Borgman Matthew A, Matos Renée I, Spinella Philip C
1Department of Pediatrics, San Antonio Military Medical Center, Fort Sam Houston, TX. 2Division of Critical Care, Department of Pediatrics, Washington University in St. Louis, St. Louis, MO.
Pediatr Crit Care Med. 2015 Feb;16(2):e23-7. doi: 10.1097/PCC.0000000000000307.

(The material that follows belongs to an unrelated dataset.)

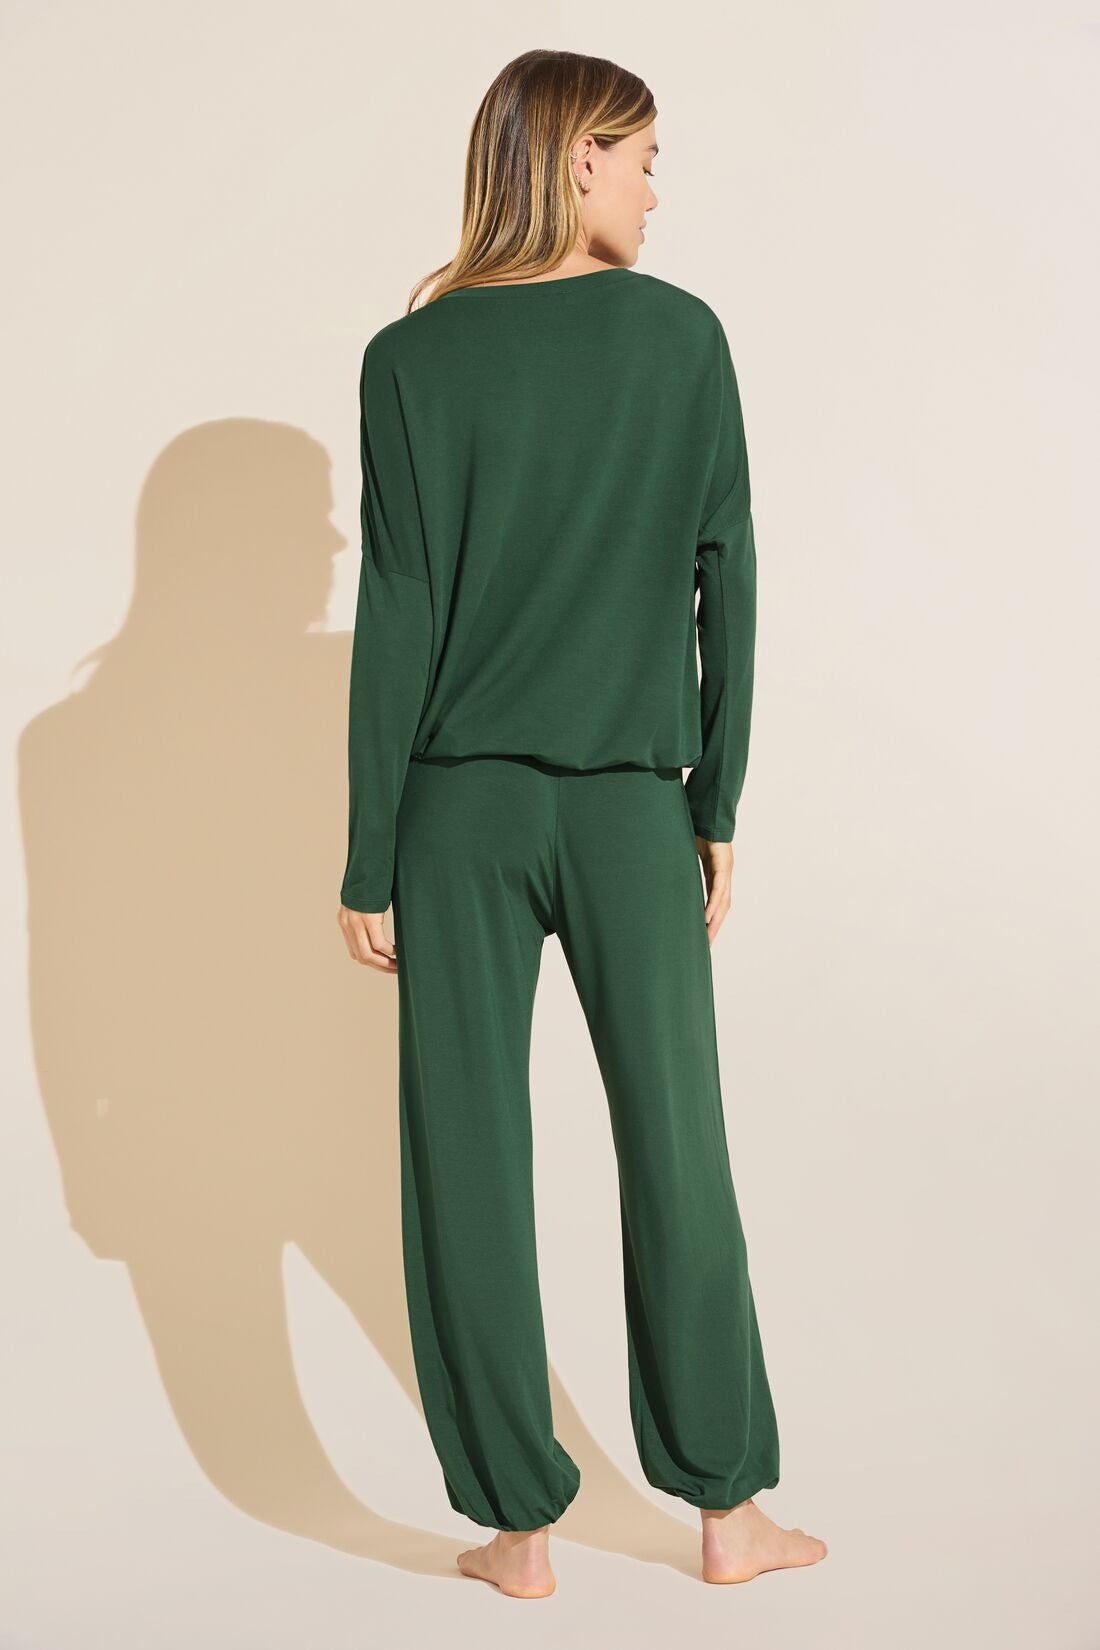 Gisele Slouchy Set in Forest Green – nk boutique baton rouge

To characterize the epidemiology of burn injury in pediatric patients and identify factors associated with mortality based on burn severity.
Retrospective cohort study.
U.S. military combat support hospitals and forward surgical hospitals in Iraq and Afghanistan.
Iraqi and Afghan children less than 18 years old admitted with isolated burn injury.
None.
Burn severity was classified as mild, moderate, and severe based on external Abbreviated Injury Scale score. Patient characteristics and outcomes were described according to burn severity. A multivariate logistic regression was performed on univariate associations with mortality. Of 4,743 pediatric patients, 549 (11.6%) had isolated burn injury. Overall mortality was 13%, median external Abbreviated Injury Scale was 3 (interquartile range, 2-4), and 67% were male. Variables included in the logistic regression were external Abbreviated Injury Scale score, abnormal heart rate for age, hypotension, mechanical ventilation, transfusion, Glasgow Coma Scale, international normalized ratio, base deficit, hematocrit, and platelet count. Factors independently associated with mortality were international normalized ratio (odds ratio, 2.6; 95% CI, 1.2-5.8; p = 0.021) and external Abbreviated Injury Scale (odds ratio, 2.5; 95% CI, 1.3-4.7; p = 0.004). Mortality increased with burn severity: mild 1.7%, moderate 7.2%, and severe 47% (p < 0.001).
This is the first in-depth study of pediatric burn injuries in combat. Children with severe burns (total body surface area > 39% or > 29% if < 5 yr) had a high mortality and required significant resources in a setting that is not primarily resourced for long-term care of severe pediatric burn injury. Extraordinary measures are therefore used for the long-term care of these burned children within the war zones of Iraq and Afghanistan.
描述儿科患者烧伤损伤的流行病学特征,并根据烧伤严重程度确定与死亡率相关的因素。
回顾性队列研究。
美国在伊拉克和阿富汗的军事战斗支援医院及前沿外科医院。
因单纯烧伤损伤入院的18岁以下伊拉克和阿富汗儿童。
无。
根据外部简明损伤量表评分将烧伤严重程度分为轻度、中度和重度。根据烧伤严重程度描述患者特征及预后。对与死亡率的单变量关联进行多变量逻辑回归分析。在4743名儿科患者中,549名(11.6%)有单纯烧伤损伤。总体死亡率为13%,外部简明损伤量表中位数为3(四分位间距,2 - 4),67%为男性。逻辑回归分析纳入的变量包括外部简明损伤量表评分、年龄异常心率、低血压、机械通气、输血、格拉斯哥昏迷量表、国际标准化比值、碱剩余、血细胞比容及血小板计数。与死亡率独立相关的因素为国际标准化比值(比值比,2.6;95%置信区间,1.2 - 5.8;p = 0.021)和外部简明损伤量表(比值比,2.5;95%置信区间,1.3 - 4.7;p = 0.004)。死亡率随烧伤严重程度增加:轻度为1.7%,中度为7.2%,重度为47%(p < 0.001)。
这是首次对战时儿科烧伤损伤进行的深入研究。重度烧伤儿童(如果年龄小于5岁,烧伤总面积>39%或>29%)死亡率高,且在一个并非主要为重度儿科烧伤损伤长期护理提供资源的环境中需要大量资源。因此,在伊拉克和阿富汗的战区,对这些烧伤儿童采取了特殊措施进行长期护理。